But with the two-state solution gone, apartheid unacceptable and a Middle Eastern economic confederation a distant vision, it seems time to seriously consider the only alternative available to us at this time: the creation of a single state between the Mediterranean and the Jordan River. To be sure, the idea has been raised before, but it remains ambiguous. There are fundamental variations and disagreements even among one-state proponents themselves. Political clarity is vital, especially if such a solution is – or is not – inclusive of Israelis. Indeed, does post-apartheid South Africa inspire our joint aspirations or is Algeria the model, whereby the Israeli “colonists” (if they are that) leave or are driven out when Palestine is liberated? If the state is to be inclusive, should it be a unitary democratic state, a bi-national one or a combination? Will the solution be one defined purely by politics, or will the rights and obligations of all parties be guided indeed by international law and human rights treaties?
What follows is ICAHD’s attempt to exploit the current political paralysis to kindle a searching and honest discussion over where we are headed – and, as civil society actors, how we can effectively get there.
From “No Occupation” to “Prolonged Occupation” to “de jure Annexation”
Immediately after Israel occupied the West Bank, East Jerusalem and Gaza in 1967, its legal establishment set about constructing an argument why they should not be given up, why Israel has the right to settle and “evict and Judaize” them (a term used by the Israeli government in official records), and why the Occupied Palestinian Territory is not in fact occupied. The doctrine they came up with was that of the “Missing Reversioner.” The provisions of the Fourth Geneva Convention and the Hague Regulations regarding belligerent occupation, they argued, do not apply in the case of Israel because occupation occurs only when one High Contracting Party (a state that has signed on to the Convention) occupies the territory of another High Contracting Party. Since Jordan and Egypt never exercised sovereignty over the region, and neither did the Palestinians the occupied territory could not be reversed to any sovereign, and Israel’s claim was as good as anyone else’s. Thus, Israel designated the OPT as “disputed,” and denied the applicability of the Fourth Geneva Convention, meaning that it could act with impunity, whether in transferring its civilian population into the OPT, expropriating Palestinian land, imposing its own military rule, or refusing to ensure the well-being of the Palestinian population, defined in the Fourth Geneva Convention as “Protected Persons.”

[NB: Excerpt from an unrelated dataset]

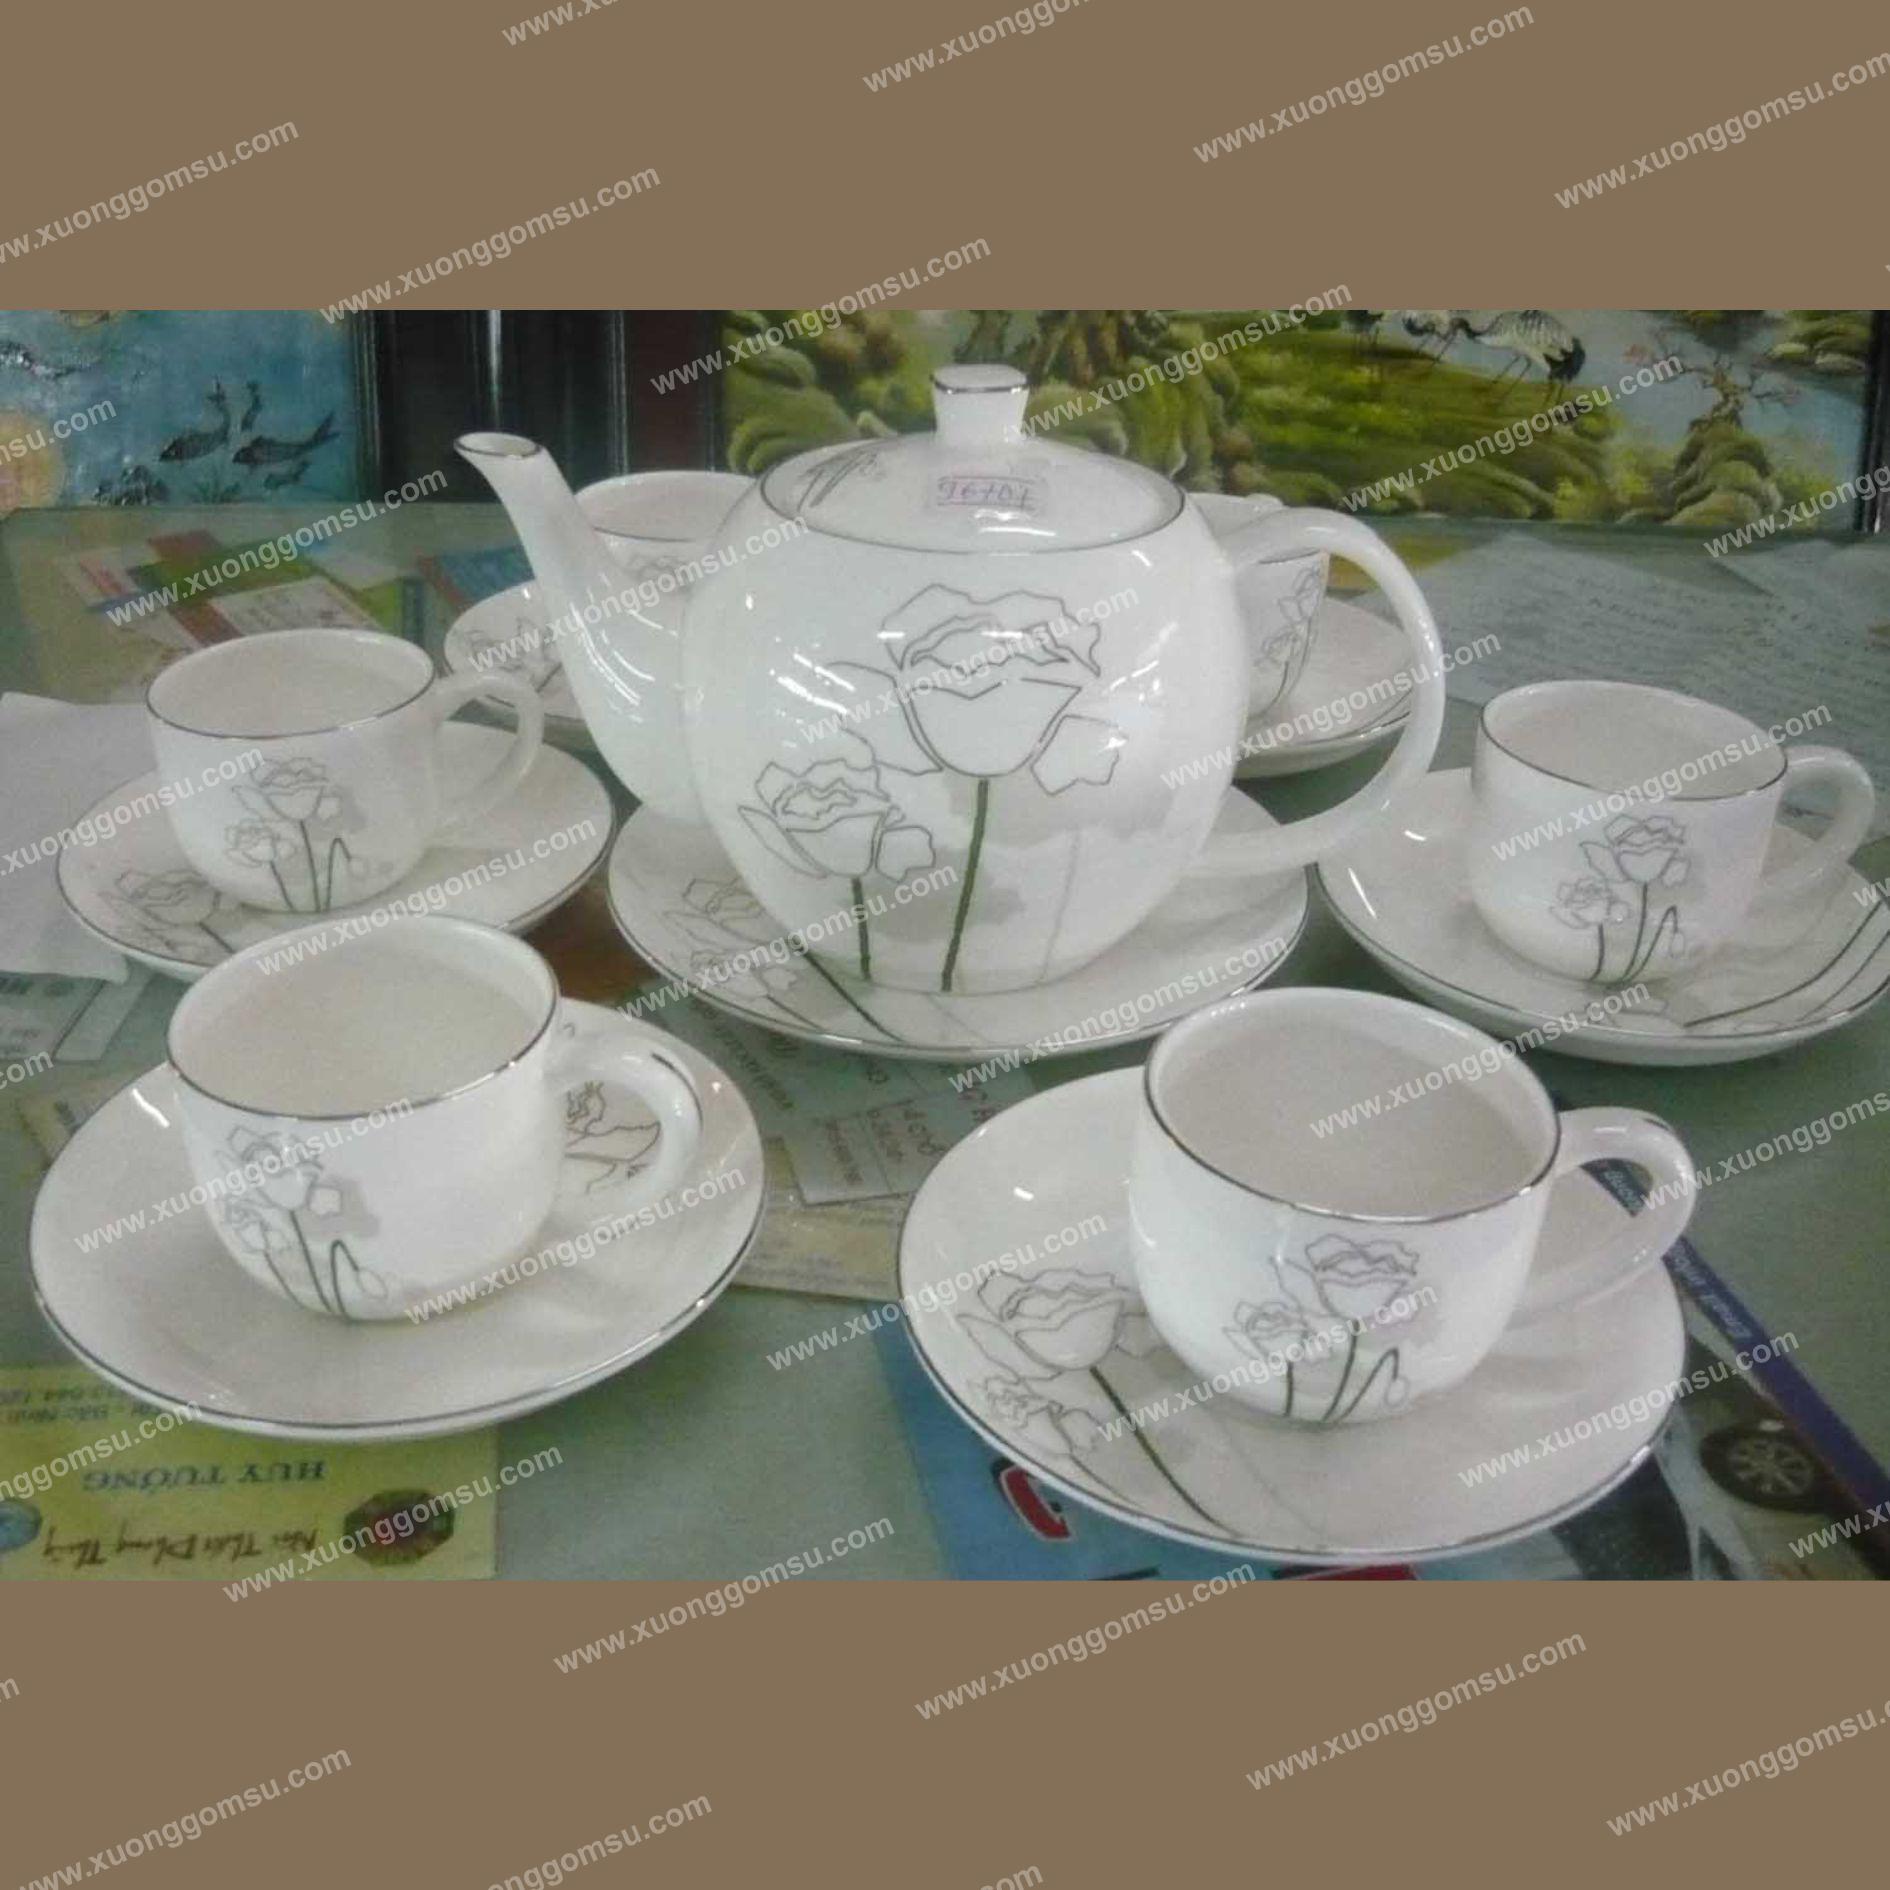 ấm trà hoa văn

This Israeli position was reiterated as recently as July 2012, when a committee appointed by the government to explore the legalization of settlement outposts, headed by retired Supreme Court Justice Edmund Levi, reaffirmed the Missing Reversioner doctrine, and concluded that there is indeed no occupation, and therefore no legal obstacles exist to legalizing all the settlement. It is a position, however, that has no international support whatsoever. In its 2004 Advisory Opinion on the legality of Israel’s Separation Wall, the International Court of Justice unambiguously and authoritatively negated the doctrine of the Missing Reversioner. “Under customary international law, the Court observes, these were therefore occupied territories in which Israel had the status of Occupying Power. Subsequent events in these territories have done nothing to alter this situation. The Court concludes that all these territories (including East Jerusalem) remain occupied territories and that Israel has continued to have the status of Occupying Power.”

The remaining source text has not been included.